DATA SECTION Block Start

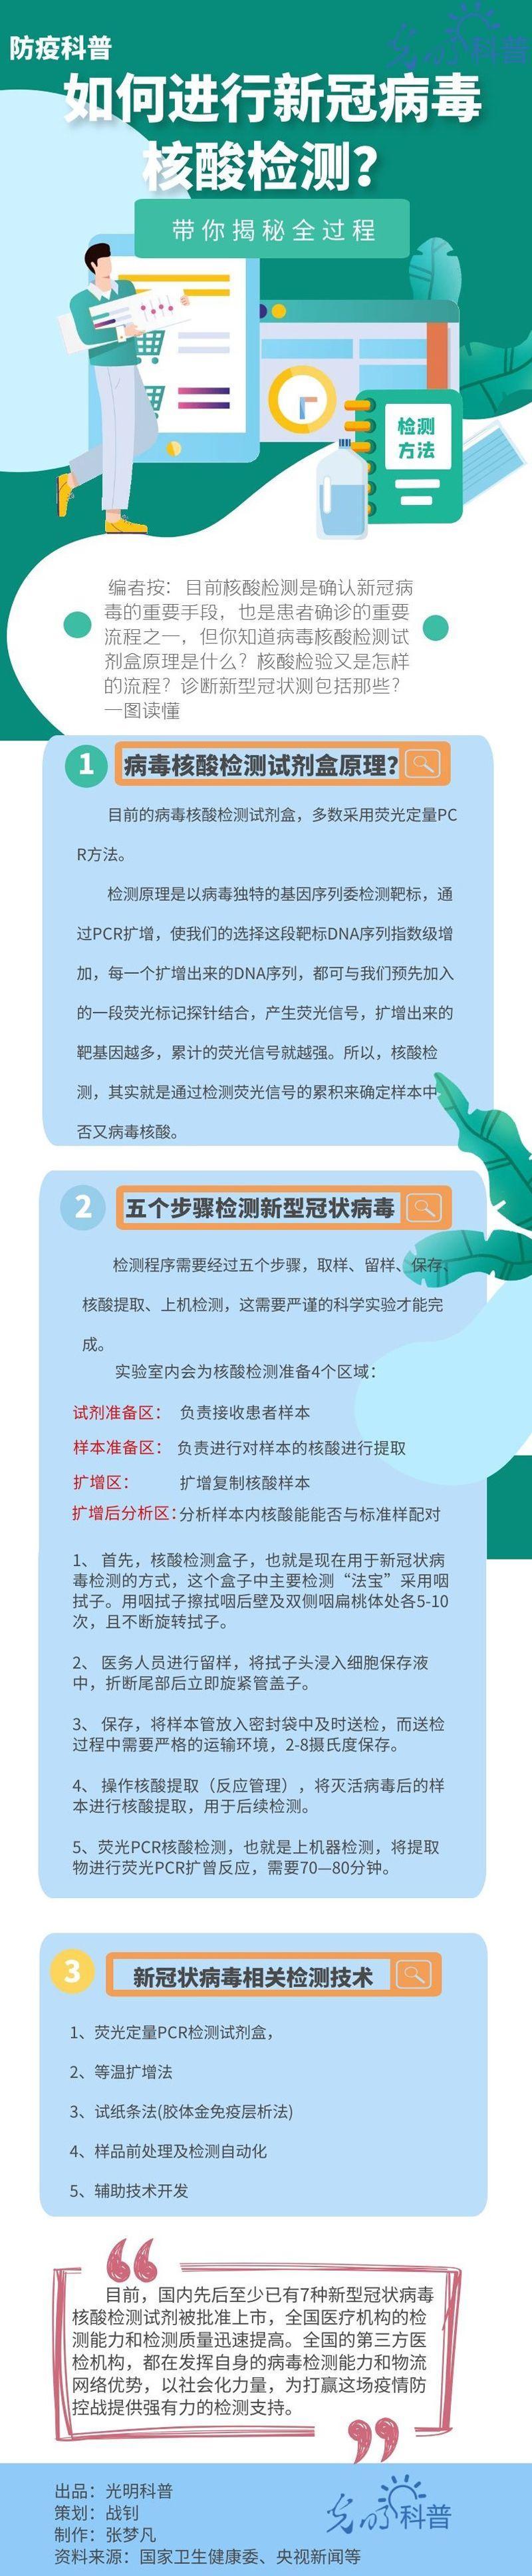 如何进行新冠病毒核酸检测?带你揭秘全过广州助孕程
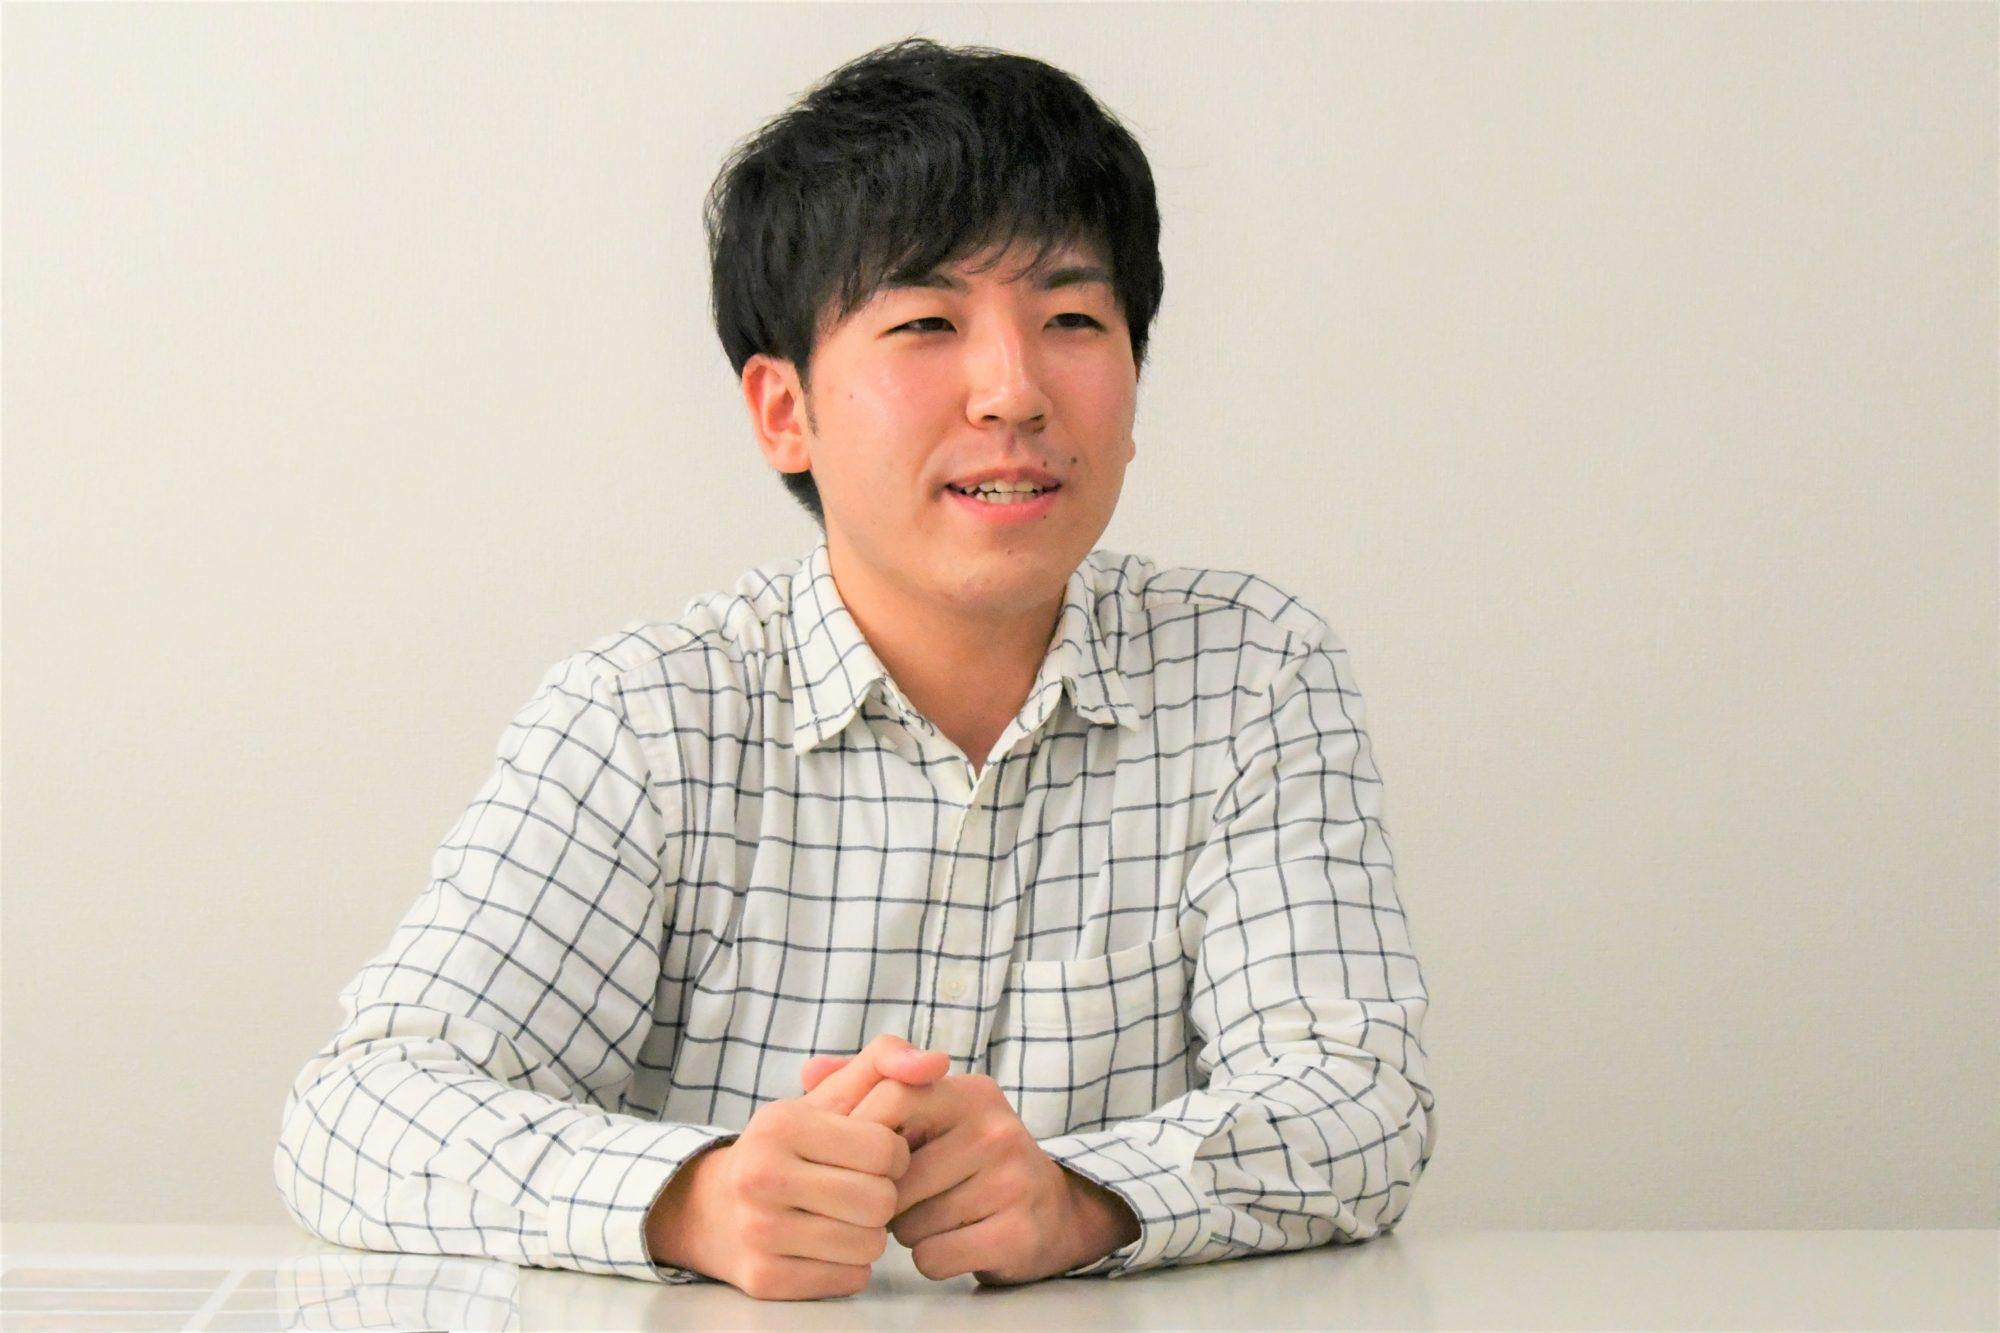 インタビュー中の津川さん
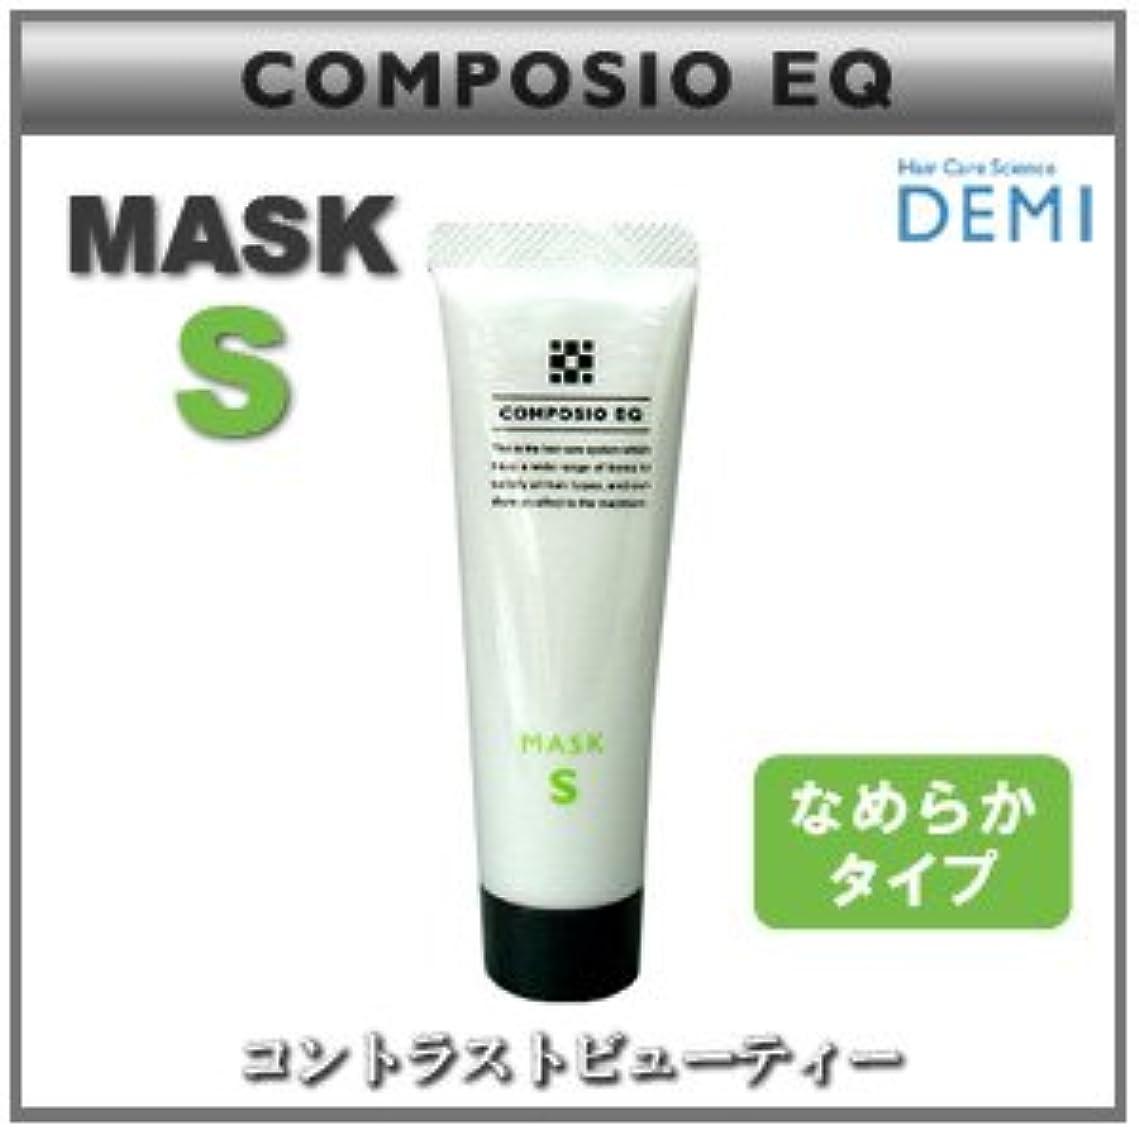 ライターみすぼらしい層【X2個セット】 デミ コンポジオ EQ マスク S 50g
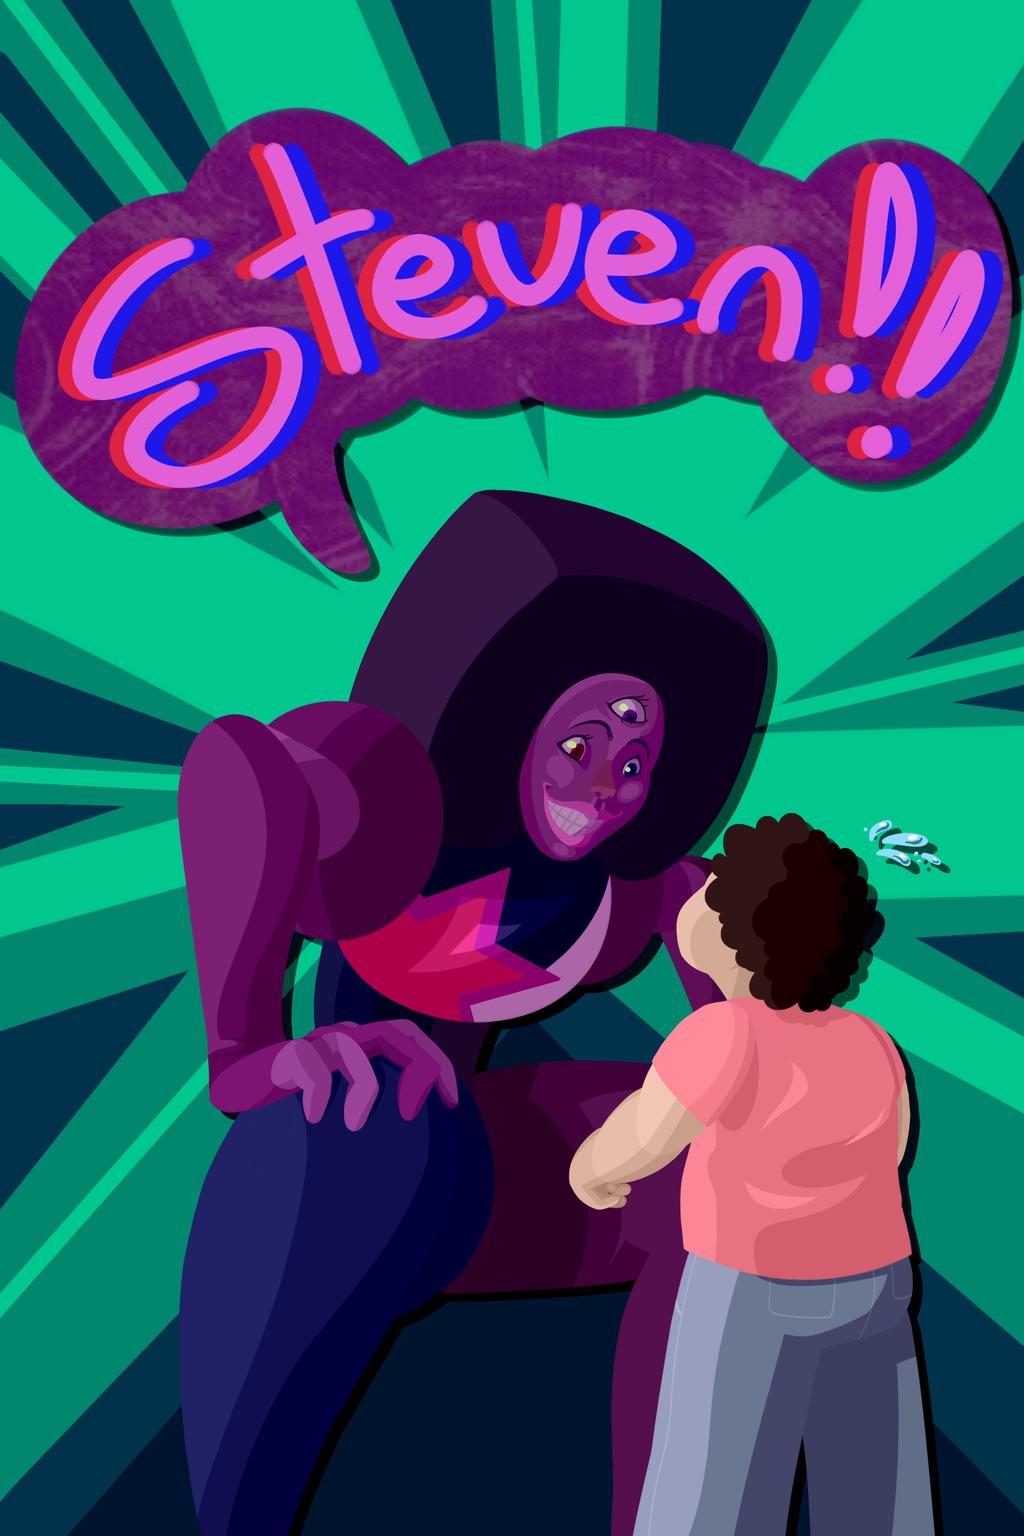 Steven!!

DATA SECTION Block End

● **WORK INSTRUCTION**: Transcribe exactly the lines from the one holding "インタビュー中の津川さん" through the final line of the material above, both ends included; any pictures should be dropped.

● **REPLY**:
 インタビュー中の津川さん
 ライターみすぼらしい層【X2個セット】 デミ コンポジオ EQ マスク S 50g
 Steven!!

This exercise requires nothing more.